**INPUT DATA:**

>>>

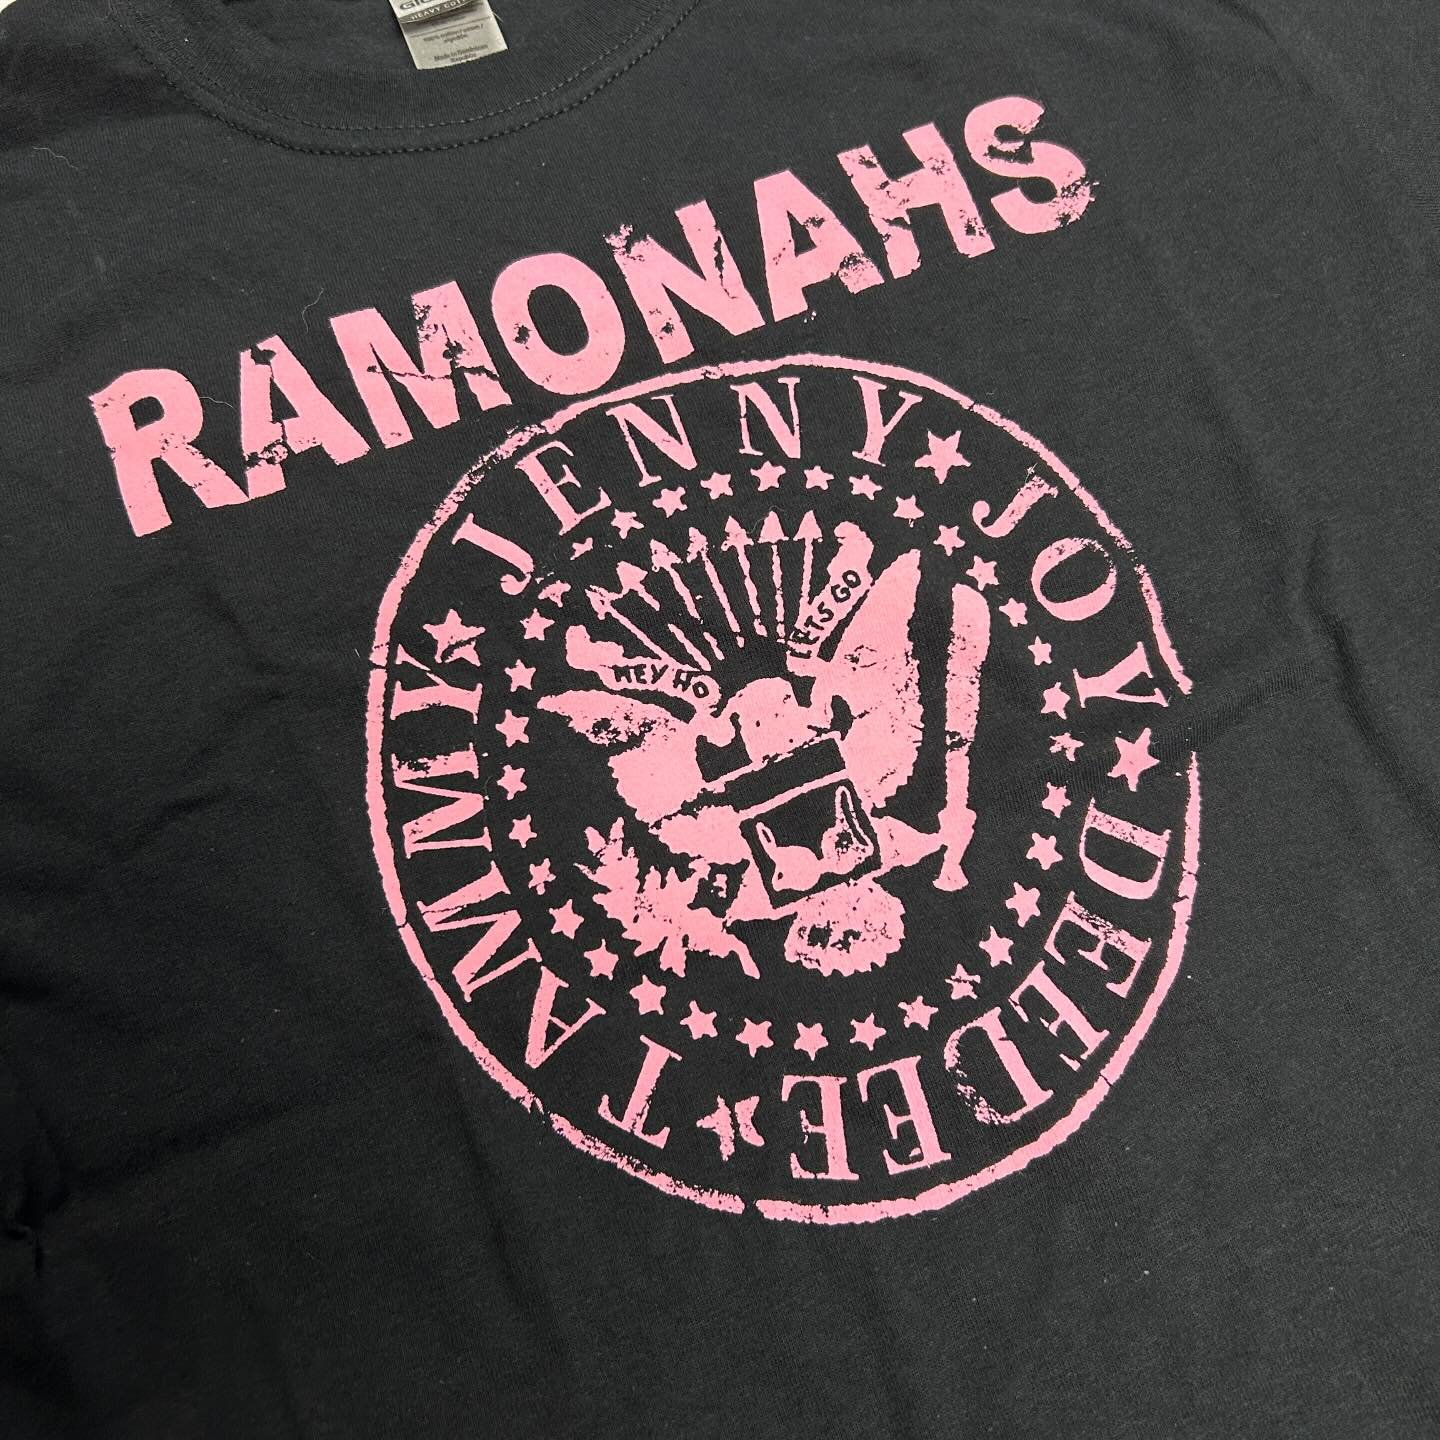 Ramonahs tees are now available at the Anchor online store!
🔸FREE SHIPPING IN US (Orders of $35 or more)
🔸Only available online at Anchor Screen Printing (.com)
🔸Link to store in profile!

#ramonescoverband 
#ramonahs 
#oliverpecker 
#G&Oslash;&Os

<<<

**GOAL OF THE EXERCISE:** Without any of its images, the data above should be returned exactly.

**SOLUTION TO THE PROBLEM:**
 Ramonahs tees are now available at the Anchor online store!
🔸FREE SHIPPING IN US (Orders of $35 or more)
🔸Only available online at Anchor Screen Printing (.com)
🔸Link to store in profile!

#ramonescoverband 
#ramonahs 
#oliverpecker 
#G&Oslash;&Os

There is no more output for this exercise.